¡Fuimos al Buin Zoo!

Toda una aventura, un lindo día de excursión, de entretención, donde pudimos ver a los animales ambientados armónicamente en sus hábitats, para que cada visitante se transporte, aunque sea por unos minutos, a la vida natural y salvaje.

Lo disfrutamos al máximo. Salimos muy temprano de Santiago. Nos subimos al bus que nos llevaría a nuestro destino, a ese lugar mágico donde nos encontraríamos con los animales y su entorno.

Recorrimos cada lugar casi sin descansar, porque estábamos ansiosos de no perdernos ningún espacio. Nos reímos, nos asombramos, sacamos fotos, grabamos videos e incluso algunos tomaron notas, queríamos registrar cada momento, cada animal, para volver a verlo cuando estuviéramos en nuestras casas y compartir estas vivencias con nuestros seres queridos.

Los animales nos sorprendían en cada momento, nos gusta pensar que ellos querían ser descubiertos, que estaban jugando con nosotros y por eso se camuflaban o mimetizaban con el entorno. Era mágico, caminábamos tratando de buscar en cada lugar un animalito y, de repente, ahí estaba: Un lindo panda rojo durmiendo arriba del árbol, sobre nuestras cabezas. Estábamos felices de verlo, era dulce, parecía un juguete de peluche, todos(as) estábamos emocionados.

Llevábamos casi 3 horas y media en el lugar, hacía calor y por seguridad sanitaria del COVID19, teníamos que estar con mascarillas. Aun así no queríamos irnos ¡se había pasado tan rápido el tiempo! Teníamos que hacer un último alto para poder descansar, comer algo e hidratarnos. Estaba llegando el momento de volver a Santiago, con nuestras familias y contarles lo bien que lo habíamos pasado.

Subimos al bus, cansados, pero felices. La mayoría se quedó dormido en el viaje, con el corazón lleno de alegría y con amor por los animales, por la naturaleza y por la vida. Qué bien nos hizo salir a disfrutar este lindo lugar, sobre todo después de tanto tiempo encerrados por la pandemia.

Llegamos al colegio de vuelta, nuestras familias nos esperaban, ansiosos por saber cómo lo habíamos pasado. Todos hablaban al mismo tiempo, estábamos llenos de ideas, pensamientos, sentimientos, que brotaban fácilmente y que queríamos nuestras familias las escucharan. De recuerdo hicimos una última foto a la bajada del bus.

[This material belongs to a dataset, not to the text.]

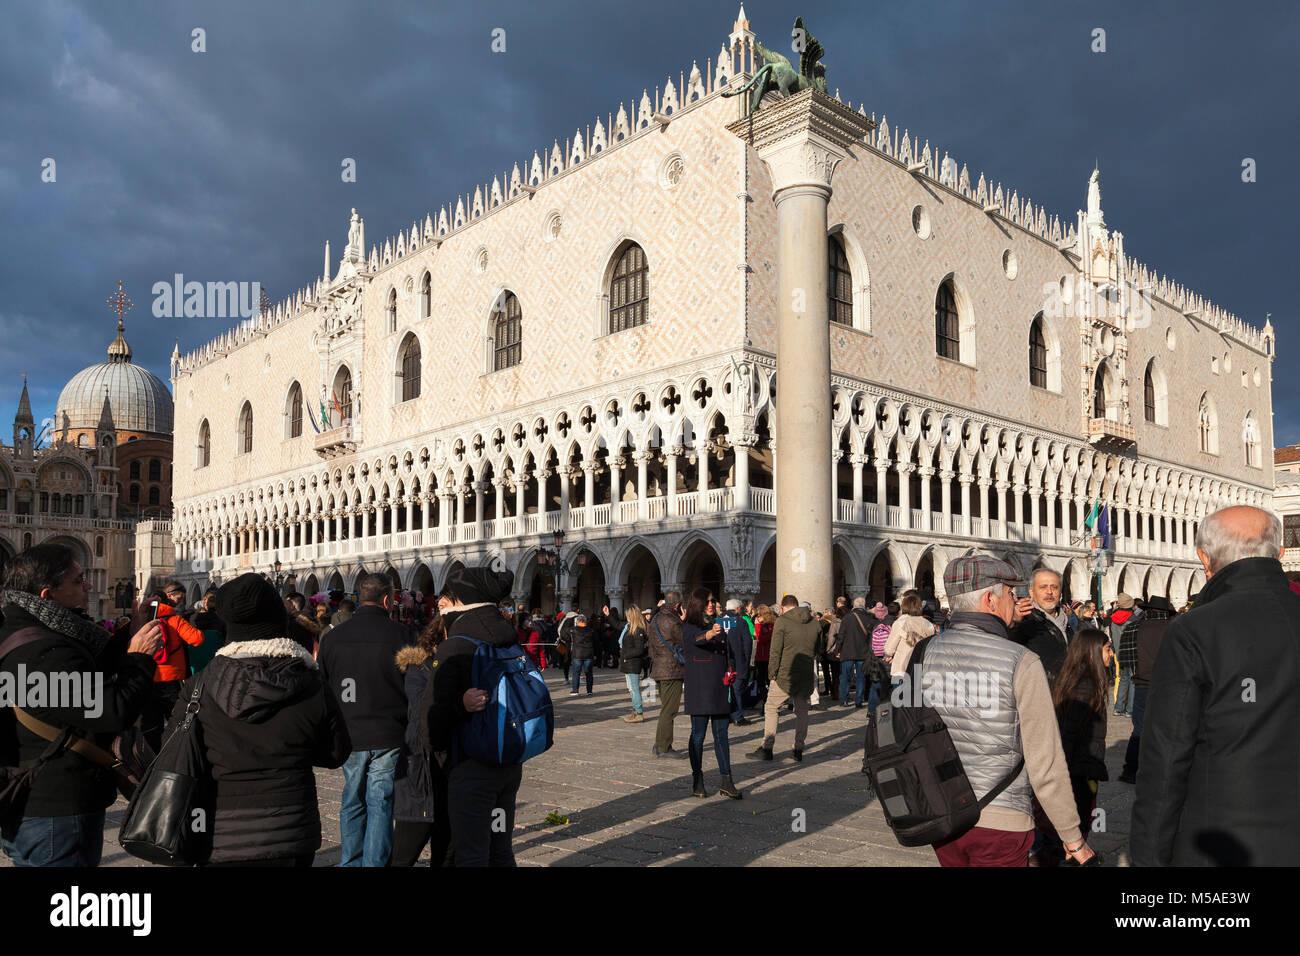 Dramatische Lichtstrahl auf die Dogen Palast, Venedig, Italien wie ein Sturm Ansätze mit Ominösen grauen Wolke und Stockfoto

QUÉ LINDO DÍA, QUE LA VIDA Y EL UNIVERSO NOS SIGAN DANDO LA OPORTUNIDAD DISFRUTAR LA NATURALEZA Y ESTAR JUNTOS.

Gracias a todos los que hicieron posible este lindo día: los que lo organizaron, los profesores que nos acompañaron, los tutores de viaje (Lionel Gil y Katherine Letcher), al conductor del bus que nos dio comodidad y seguridad en el viaje, a los apoderados(as) que confiaron en enviar a sus hijos(as), a cada uno(a) que aportó con su trabajo y espíritu para que todos resultara como se planificó y sobre todo a los niños(as) que con sus espíritus hicieron el día mágico.